Mango/Avocado Quinoa Salad
3 cups cooked quinoa
1 cup chick peas
1 cup up mango - or chopped slices
1 heaping tablespoon chopped cilantro
2/3 cup edamame beans
3/4 cup shredded carrot
1 chopped fresh tomato
1/2 cup minced cucumber
Kalamata olives to taste
Squeeze a lemon and drizzle a nice extra virgin olive oil over it and add a splash of salt. Don’t mix too aggressively, it will get mushy.
This quinoa salad is so fresh, light and delicious. The mango just makes the flavors pop!

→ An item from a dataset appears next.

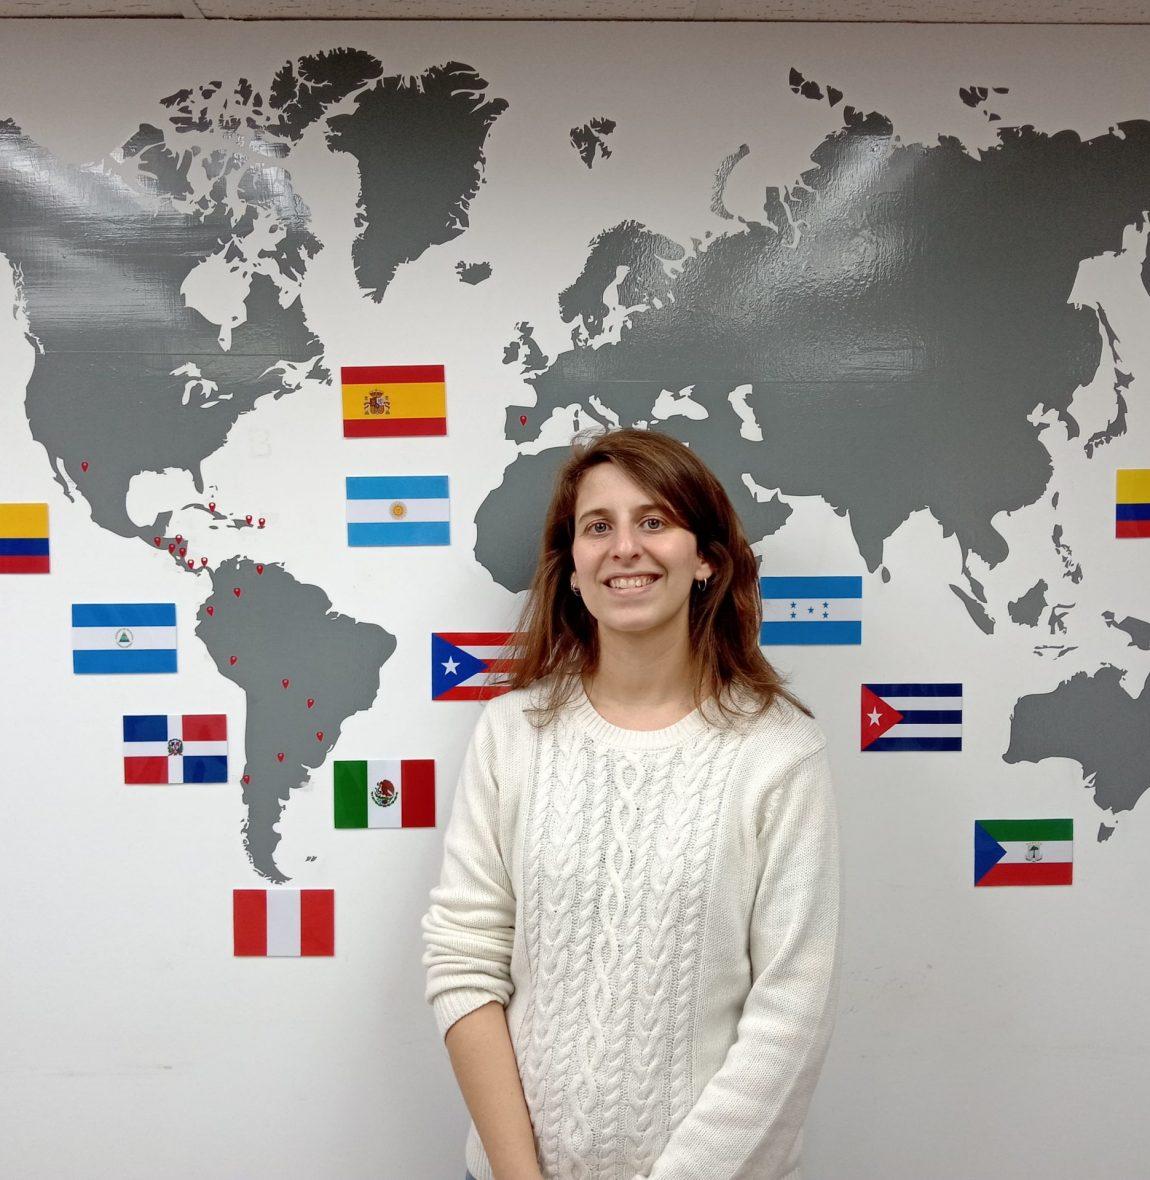 Spanish teacher Taipei

Wendy Polisi has a cooking quinoa website. If you go to her website and sign-up
you can download a free 41-page ‘Cooking Quinoa’ cookbook.
I would suggest keeping your grains, millets and cereals in jars. Indian meal moths infest foods like this and can be quite difficult to eradicate.
Have a Superlative Spring and as Julia would say: Bon Appetite!